Stroke-prone rats exhibit prolonged behavioral deficits without increased brain injury: an indication of disrupted post-stroke brain recovery of function.

Department of Laboratory Animal Science, GlaxoSmithKline, King of Prussia, PA 19406, USA.
Neuroscience Letters (Impact Factor: 2.06). 01/2004; 354(3):229-33. DOI: 10.1016/j.neulet.2003.09.079
Source: PubMed

ABSTRACT Stroke-prone rat strains exhibit an increased stroke risk and sensitivity, and reduced endogenous mechanisms of ischemic brain tolerance. This experiment provides a comparative, serial evaluation of neurological deficits and brain injury following middle cerebral artery occlusion/permanent focal stroke in this high-risk strain. Stroke-prone spontaneously hypertensive (SHR-SP), spontaneously hypertensive (SHR) and Wistar Kyoto (WKY) rats were evaluated over 28 days using magnetic resonance imaging (MRI), histopathology, and neurobehavioral testing. T2- and diffusion weighted-MRI was performed after 1, 10 and 28 days to measure the degree of stroke-induced brain injury.
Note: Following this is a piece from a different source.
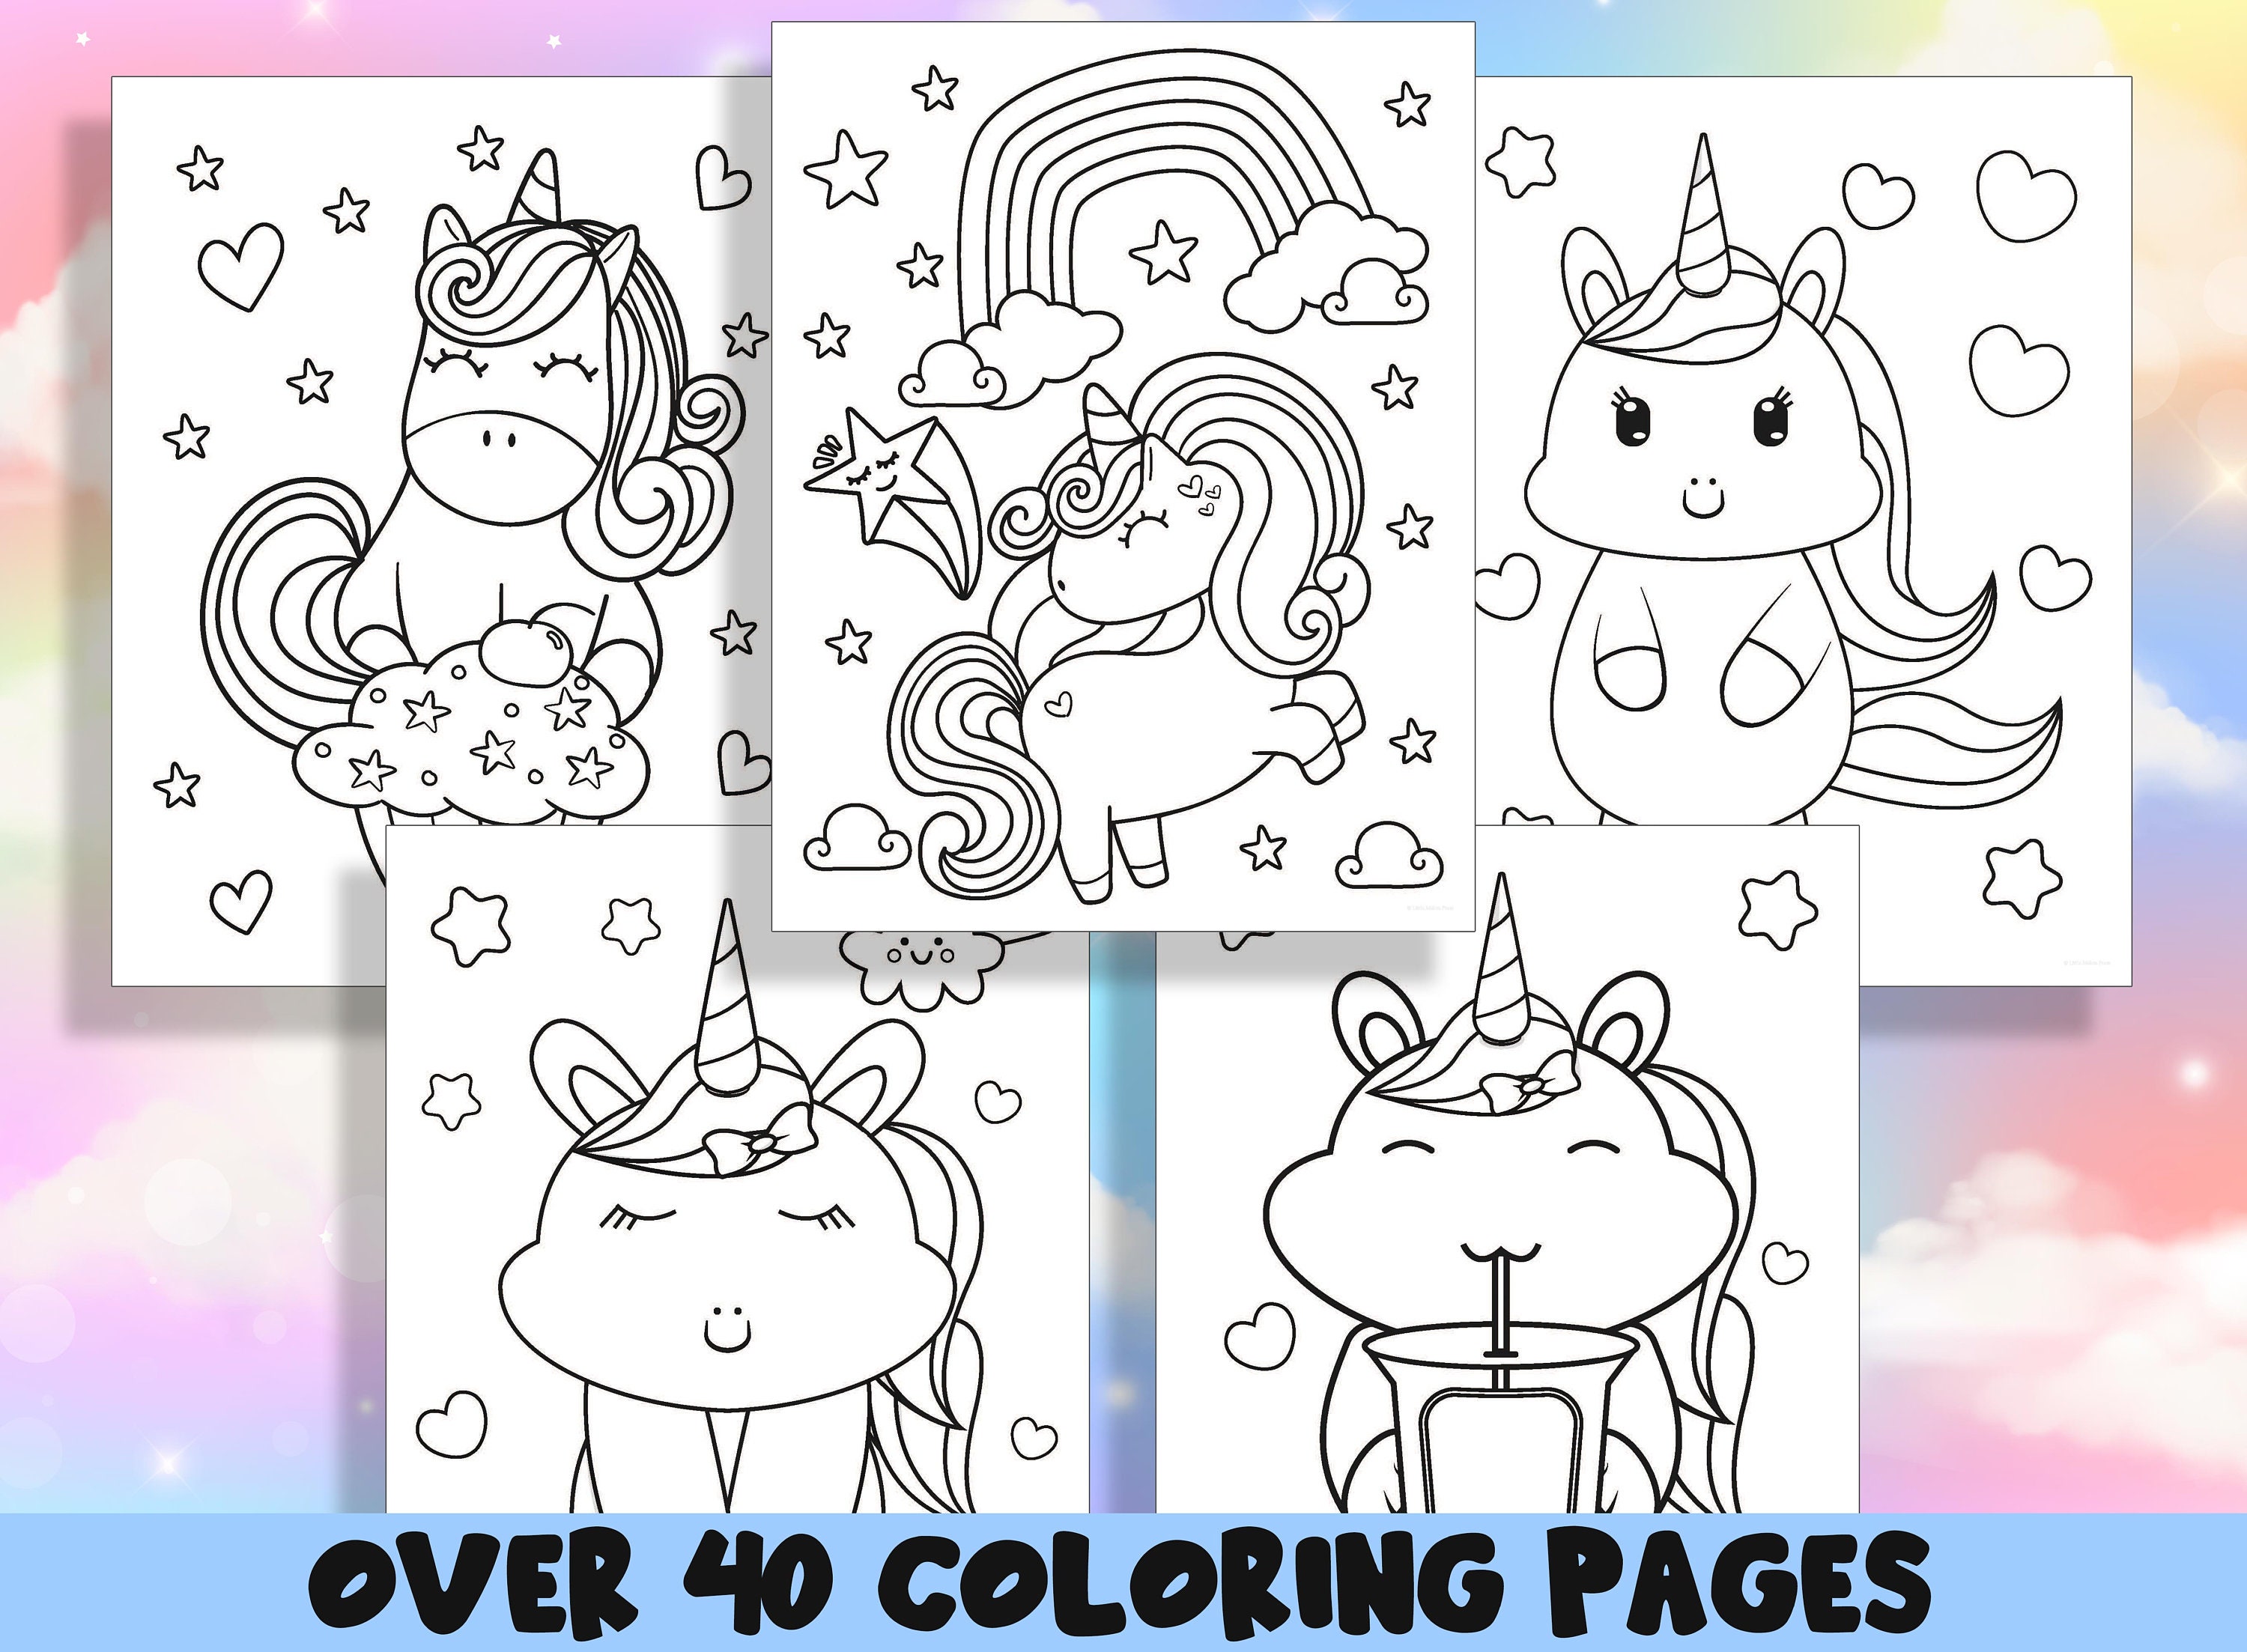 Yoytoo Unicorn Coloring Pads Kit for Girls, Unicorn Coloring Book with 60 Coloring Pages and 16 Colored Pencils for Drawing Painting, Travel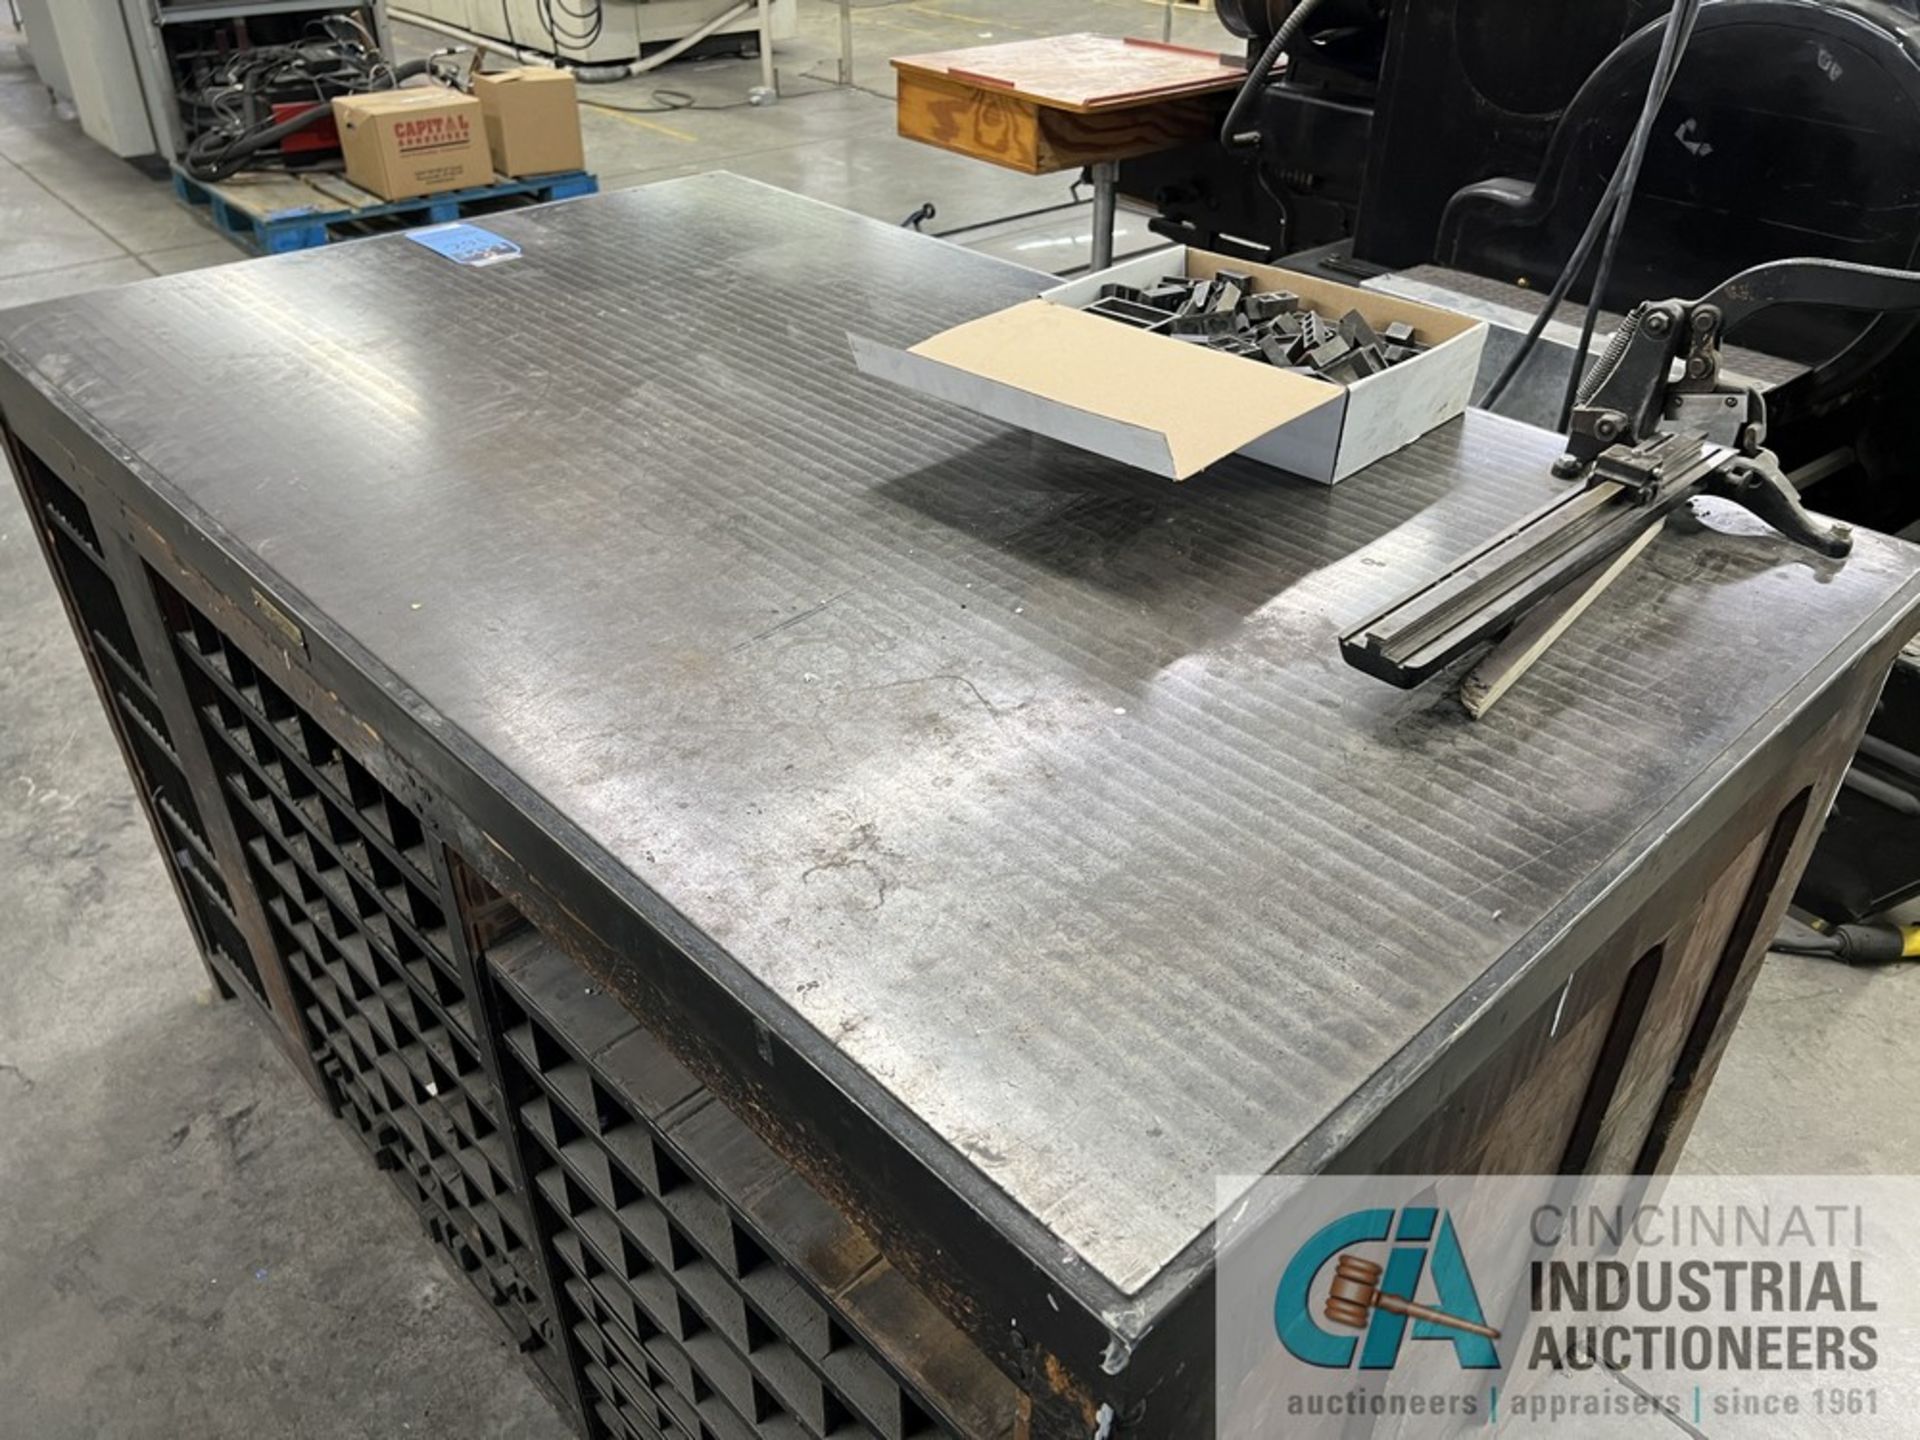 65" X 39" THE CHALLENGE MACHINERY CO. STEEL TOP LAYOUT TABLE - Image 5 of 8

Normotensive WKY rats receiving the same stroke and other SHR-SP rats receiving sham surgery were used for control comparisons. Functional deficits were scored after 1, 4, 11, 18 and 28 days. The degree of brain infarction/injury was practically identical in hypertensive and stroke-prone rats. WKY rats exhibited significantly smaller infarcts (P<0.05), with neurological function recovering quickly to normal by day 11 in this strain. Functional deficits persisted longer in hypertensive rats, with function recovering to normal by day 18 (P<0.05). Functional deficits in SHR-SP rats persisted the longest, and were observed even after 28 days (P<0.05). This increased and prolonged neurologic dysfunction exhibited by SHR-SP compared to SHR rats, while exhibiting practically identical degrees of brain injury/infarction, reflects the increased stroke risk and sensitivity of this strain and suggests a reduced SHR-SP brain plasticity following injury. Therefore, the stroke-prone rat provides an enhanced and prolonged functional deficit model that can be used to elucidate those mechanisms/novel targets critical to longitudinal neurobehavioral recovery post-stroke.